Au final, quelle qu’elle soit, la solution devra s’articuler autour de trois axes. Premièrement, les prix; Best Buy et Target ont déjà commencé à aligner leurs prix avec ceux du web et offrent même une garantie de 15 jours sur les produits offerts en ligne. Deuxièmement, les boutiques devront miser sur leur seule force : le service. Troisièmement, il faudra négocier des produits exclusifs et proposer des offres qui sont absentes d’Internet.
S’adapter
Les enjeux auxquels fait face le secteur des services à l’heure actuelle sont importants. Les concessionnaires automobiles, à eux seuls, emploient près de 1,1 million de personnes aux États-Unis. En définitive, c’est une partie significative de notre économie qui fonctionne selon cette structure que les différentes mesures de relance mises en place maintiennent de façon plus ou moins artificielle.
Le showrooming démontre que cette transformation profonde est non seulement entamée, mais que si les commerçants établis ne s’y adaptent pas autrement que via un blocage politique, ils risquent bien de se faire damer le pion par de nouveaux venus.

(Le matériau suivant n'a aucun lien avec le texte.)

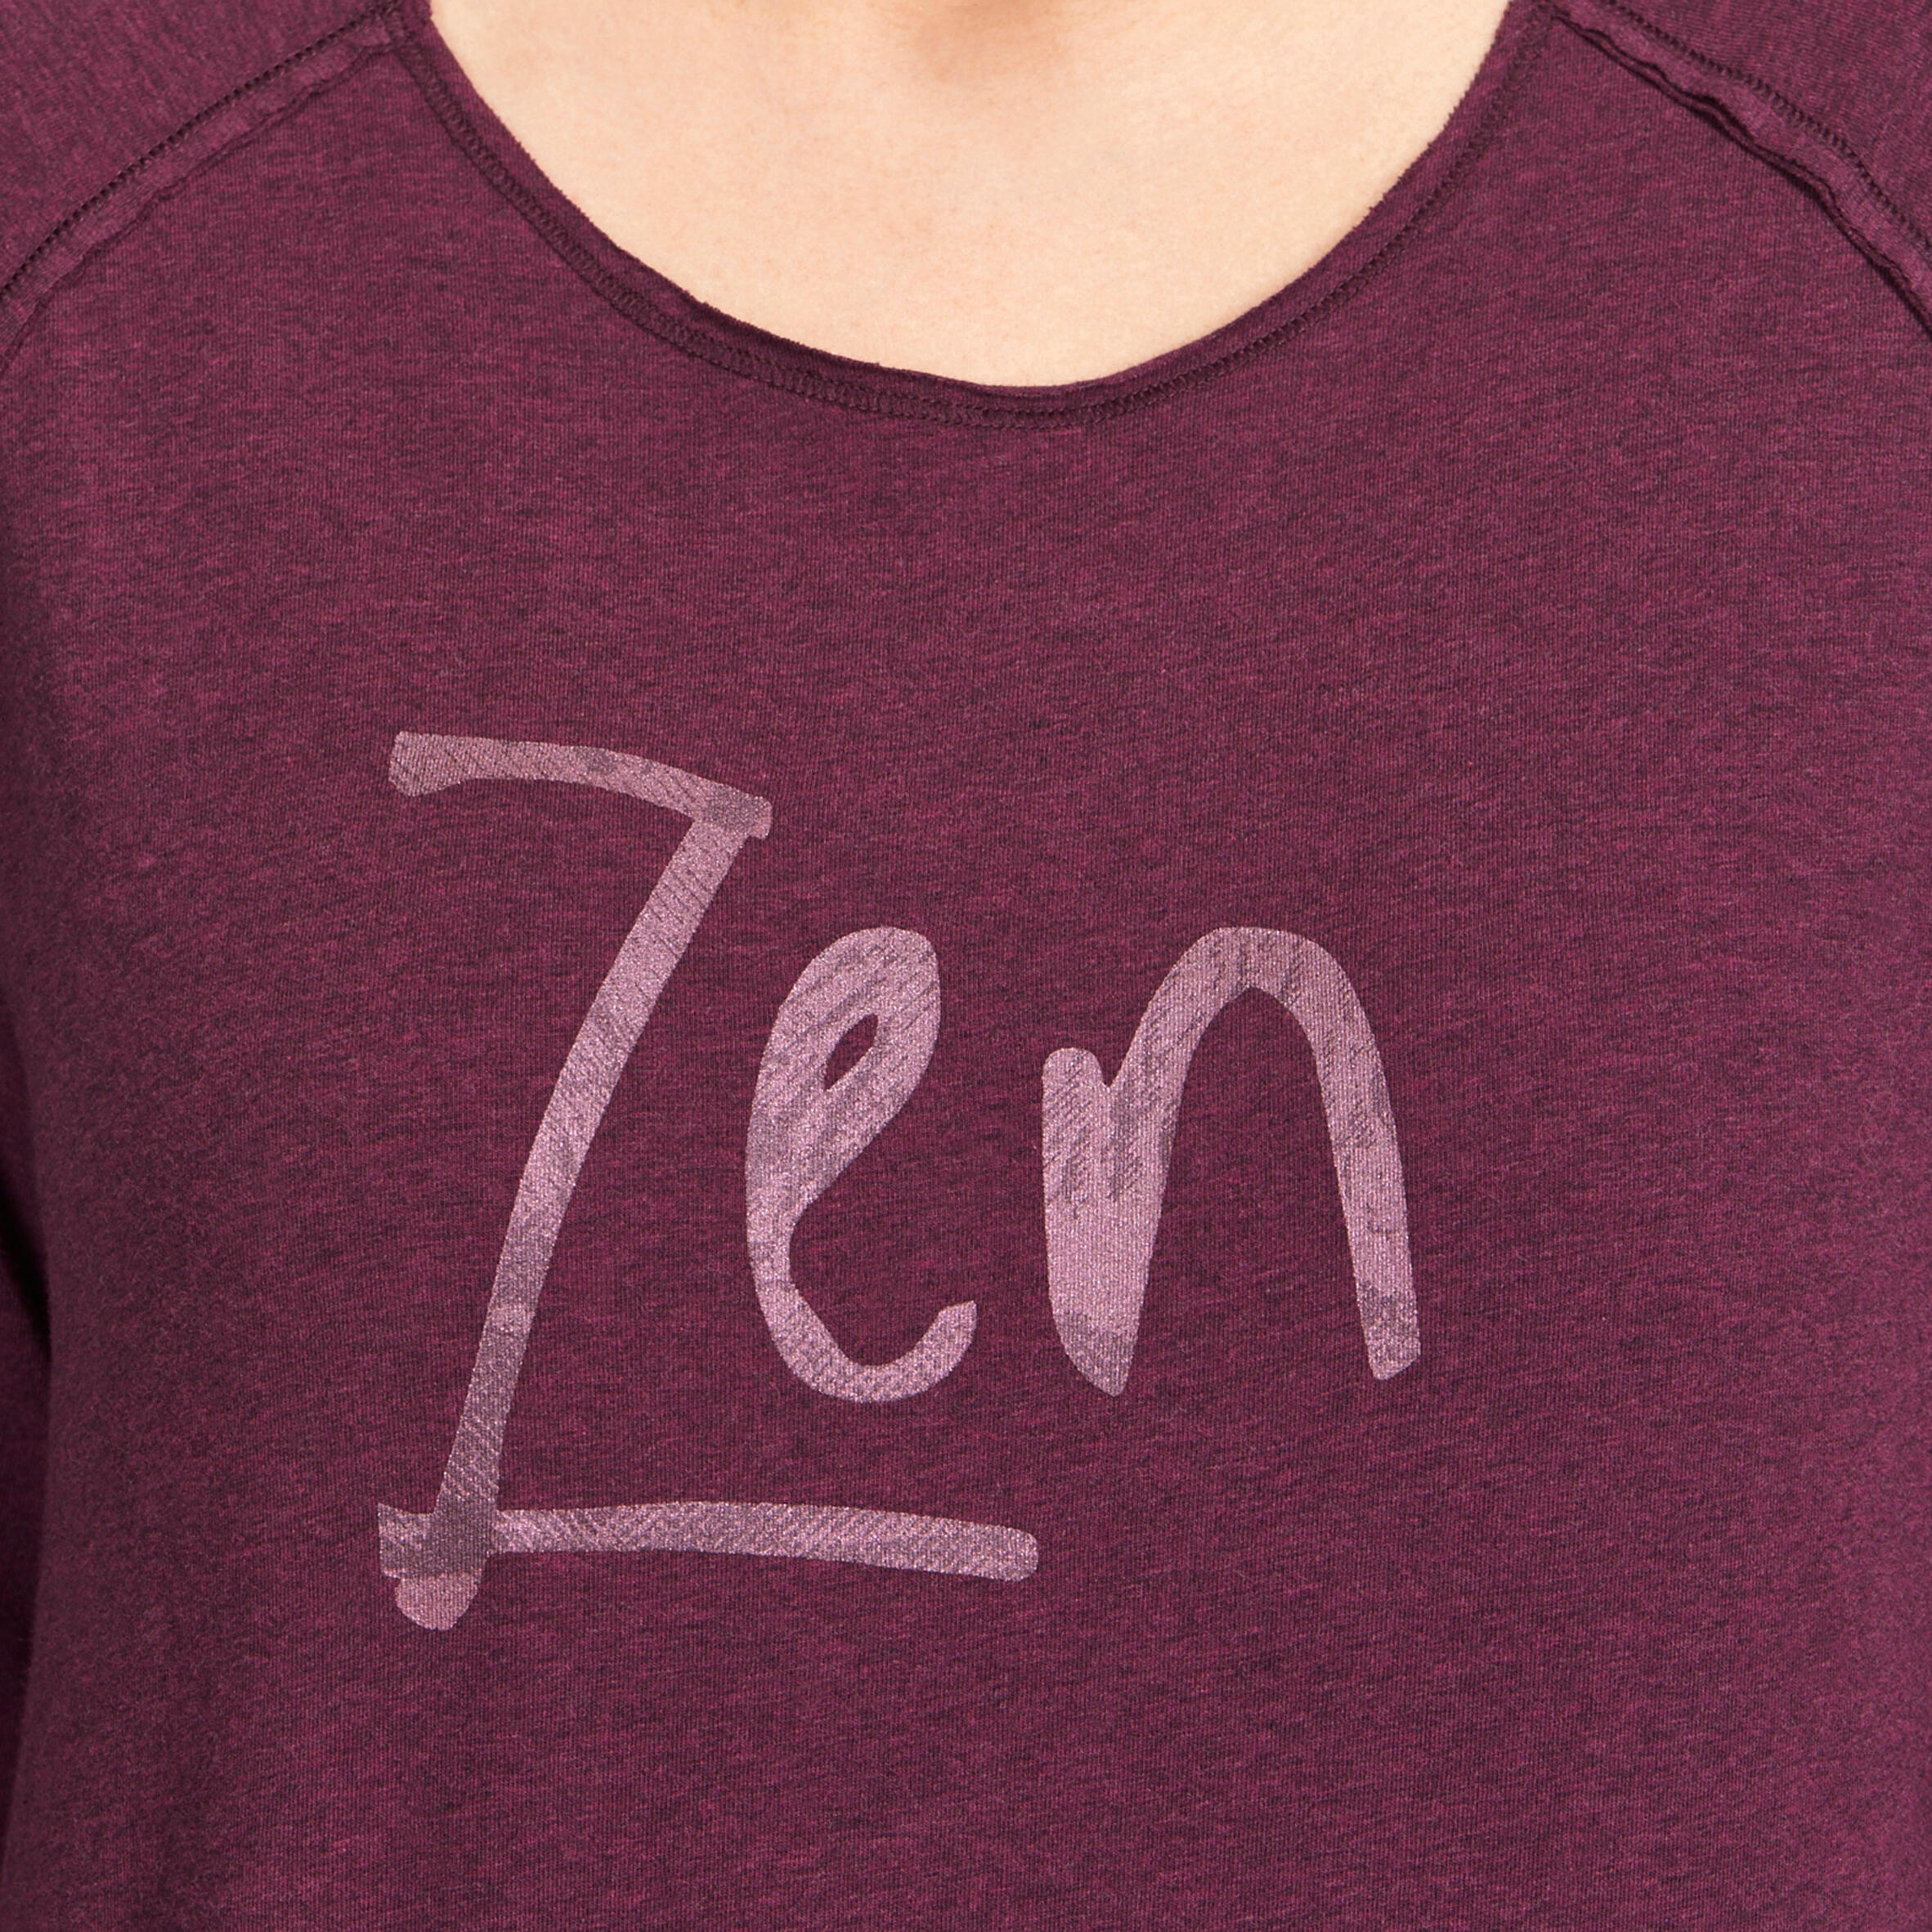 Women's Organic Cotton Long-Sleeved Yoga T-Shirt - Mottled Burgundy 6/12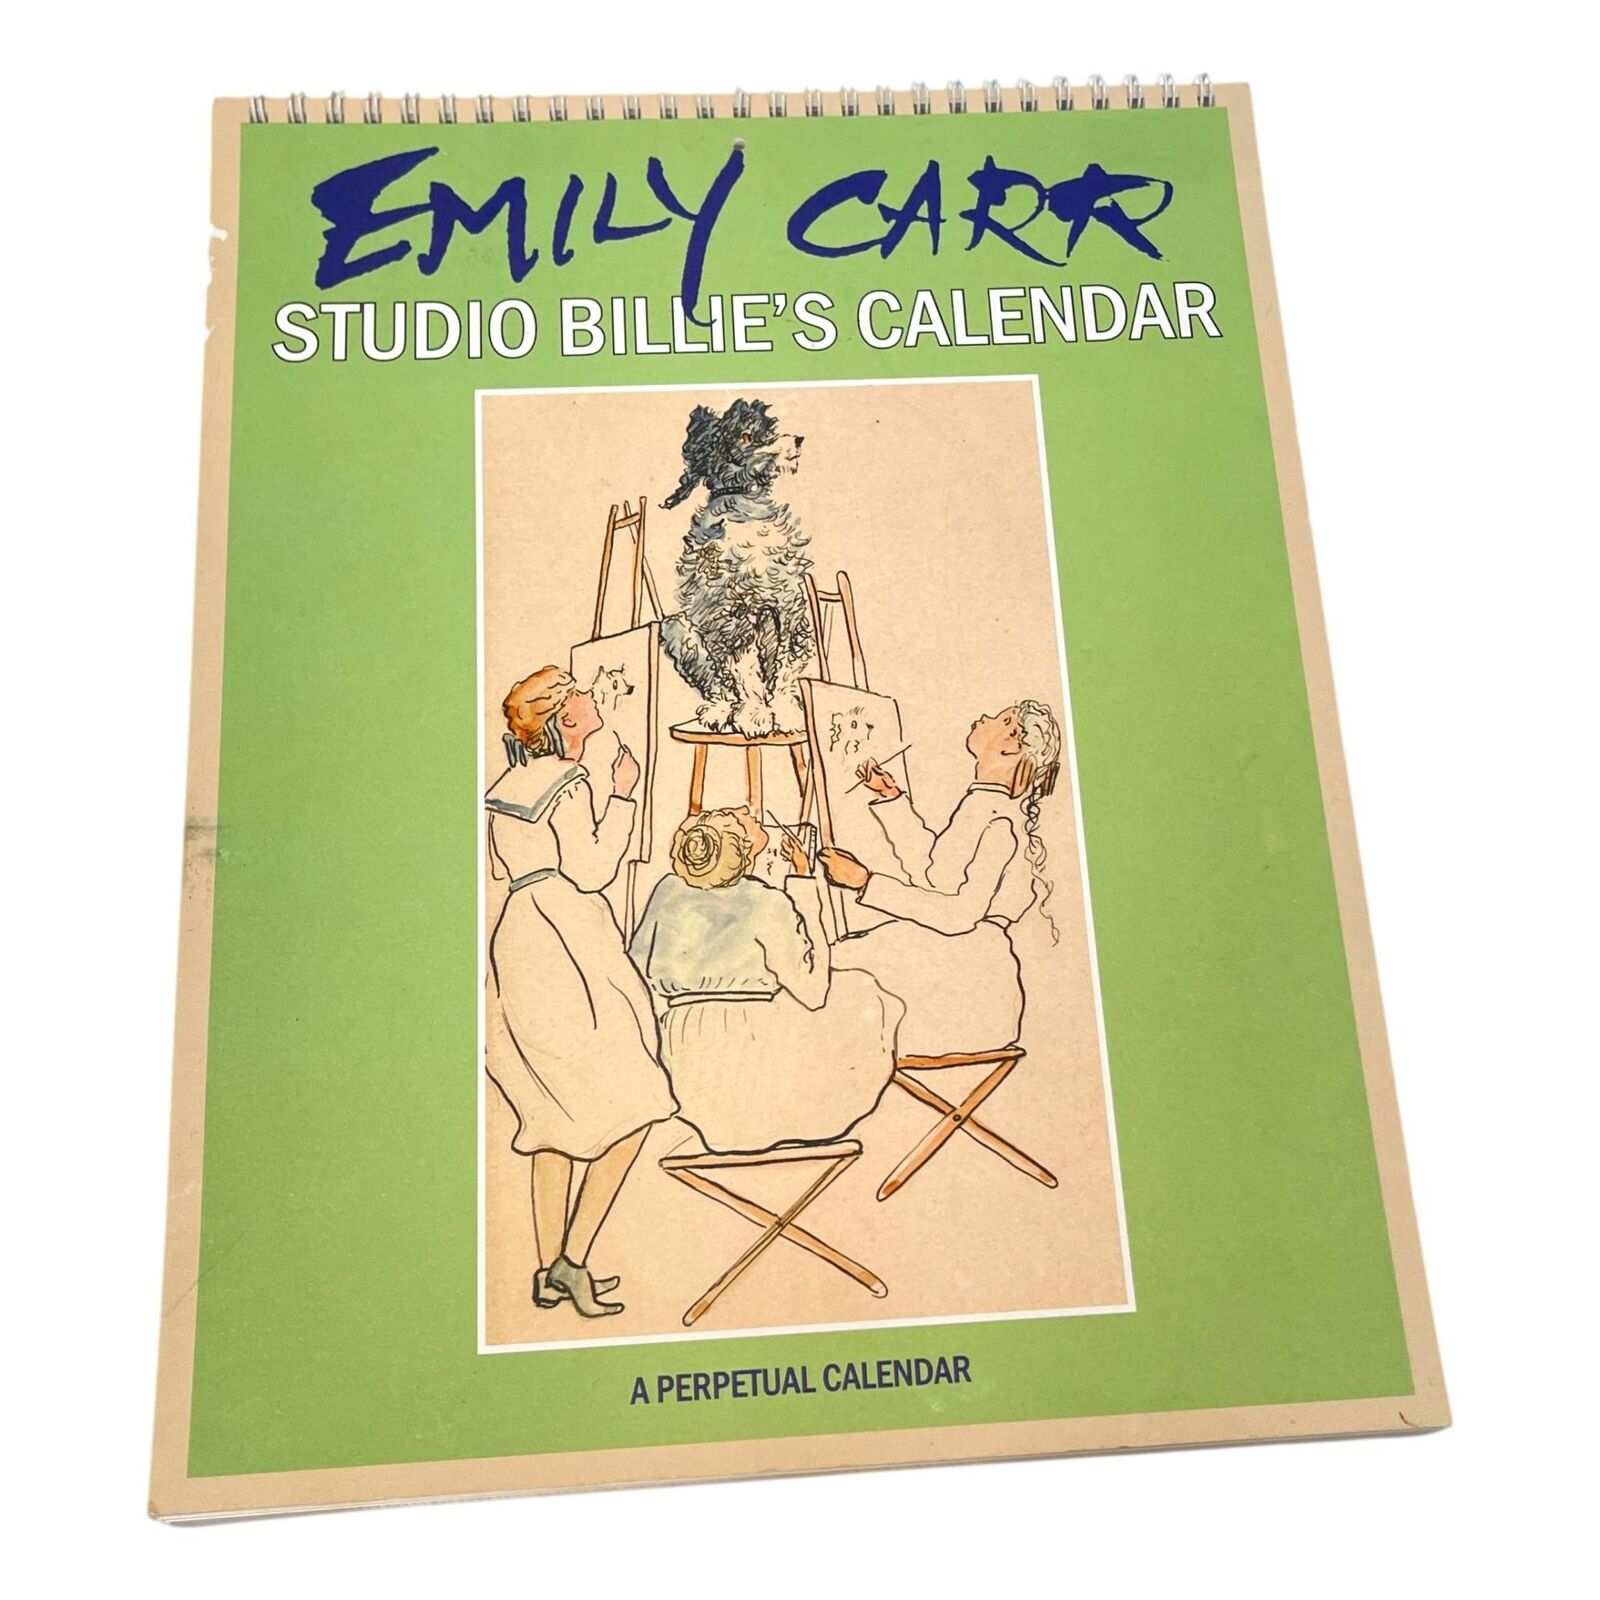 Emily Carr Perpetual Calendar Studio Billies Royal BC Museum Canadian Artist

Pourtant, alors que la technologie a créé de toutes pièces le problème du showrooming, elle peut aussi servir de piste de solution. À terme, certains produits devront composer davantage que d’autres avec le showrooming. Que le Dr. Pepper soit offert à deux pour un à 4 km de chez vous est probablement peu pertinent lorsque vous faites votre épicerie au coin de la rue. Et les choses ne sont pas près de changer, showrooming ou pas. Par contre, de tout temps, un objet plus gros et de plus grande valeur, comme un téléviseur, fait nécessairement l’objet d’un magasinage attentif. En définitive, les commerçants devront s’adapter en observant les habitudes de consommation et en déterminant quels produits sont sujets au showrooming,et lesquels y sont soustraits.